Words: Peta Krost Maunder, Photography: Iwan Baan

Christian Benimana uses his skills not just to make beautiful structures, but to create buildings that benefit the community for whom they are built. “My designs are all human-centred and focused,” he says.

The Rwandan manager of the multi-award-winning Mass Design Group believes that “architecture is not just about building design, but about the implementation of impactful process that creates long-term impact”.

Benimana and Mass have created numerous buildings across Africa, particularly hospitals and schools, that have tangibly improved the quality of people’s lives.

“There are many ways architecture can do this, from creating adequate and inspiring spaces from an artistic point of view, to creating appropriate built-environment while protecting the natural one, to put in place structures that encourage inclusions and healthy communities,” he says.

“However, the ultimate power of architecture is to instill systemic change through an improved design and construction process that creates a long-lasting impact of architecture creations.”

The 33-year-old Benimana hails from Kigali, and has always been fascinated with how things work and are put together. “I watched my father (an electrical engineer) fix things in the house and was proud to tell my friends about the things he had made,” says Benimana. “I always knew I wanted to make buildings, but since architecture wasn’t really a known subject in our country, I thought I would become an engineer.”

Only once he had attained a scholarship to study in China did he discover that he could study something called architecture, which would enable him to conceive the whole building from scratch. It was the fact that he could use his imagination in this field that drew him to study and qualify at the School of Architecture and Urban Planning of Tongii University in Shanghai.

Having to learn in Chinese — a language he had hardly heard of before he left — made his tertiary education tough, but learning in a multicultural megacity like Shanghai proved to be a blessing. “Shanghai was going through tremendous change when I was there, and we experienced the whole array of best and worse projects. The amount of transformation I saw through architecture and design was incredible, and at the same time I saw serious displacement of population at the hands of this development,” he says. “It opened my eyes to there being other ways to do things.”

When he returned to Rwanda in 2010, the country was experiencing a major building boom. “I noticed that entire neighbourhoods were being destroyed to make place for this ‘development’, and communities were forced to move to new places that were unsafe and would not withstand the next earthquake.”

Because of this, Benimana was drawn to the Mass Design Group, where architecture was used to improve communities and protect the environment. “I believe each project should have a transcendent idea that instills systemic change to make the world a better place, and that is what sets Mass apart from other companies.”

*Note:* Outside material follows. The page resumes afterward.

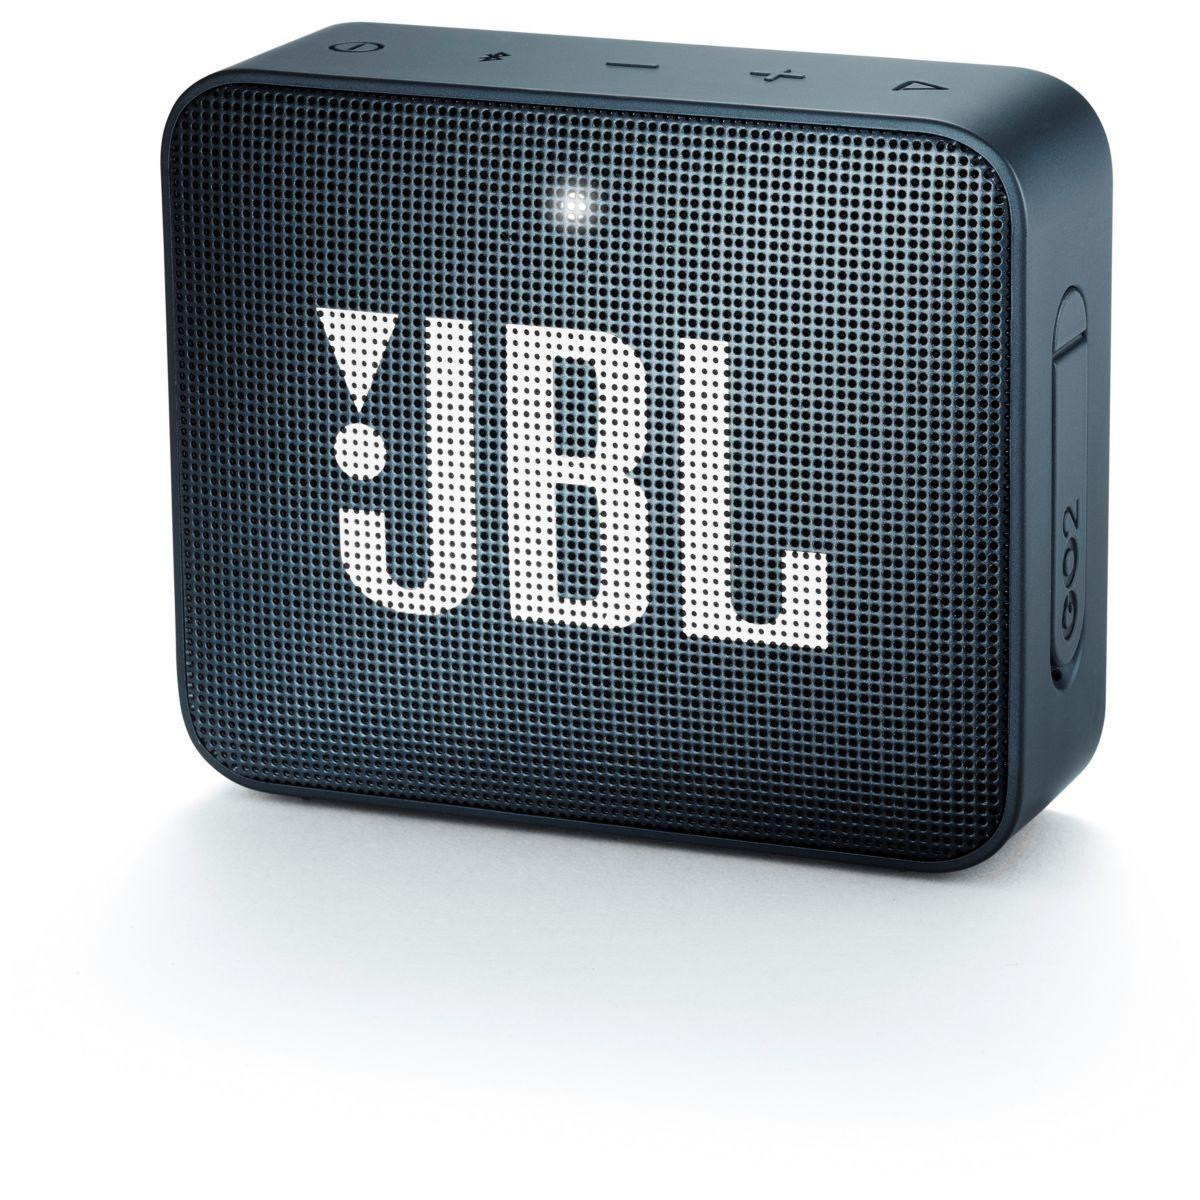 Enceinte bluetooth jbl go 2 bleu marin - livraison offerte : code livdom (photo)

His first project with Mass was to design the Butaro Hospital in Burera District, Rwanda, which was built to have maximum impact on the population. It employed 4 000 local people to build it using all local material. “It was designed from a patient perspective, where each one had a window and a view to a beautiful landscape. This hospital made people healthy; it was good for the environment and brings dignity to this community,” says Benimana.

He was now sold on this “human-centred” approach, believing it would “save African cities”.

He saw so much potential to be positively exploited in Africa and believed that little was being done about it. “African design and architecture could be so much more than exciting fabrics, colours and patterns, or vernacular African village influences,” he says.

“It could be the benchmark for the rest of the world, to correct mistakes made by the misconception of design and architecture in the past. “

His design style focuses on beauty and elegance, and is African in that it is “created by Africans, situated in Africa, and built by Africans with material sourced as far as possible in Africa.” But while he is proudly African, Benimana says that at Mass they have “proved that the current infrastructure development causes more harm than good, and that design and architecture have the power to change this”.

He is adamant that the age-old trick of “doing the bare minimum” has hidden costs. He says that people need to understand that there is a threshold where the bare minimum is simply exposing people to long-term dangers in not providing adequate infrastructure to support the local communities.

With so much potential for design out there, Benimana warns against putting up buildings in a hurry to make a quick buck. “This is not just a land that needs to be filled with building, but rather we need to use our skills for development, that way changing the way we do things in Africa.” He compares architecture to medicine, where you require a licence, and if you fall foul of the licensing body’s rules, you may lose your right to be a doctor. “The danger in architecture is there is no licence, and the dangers can affect far more people,” he says.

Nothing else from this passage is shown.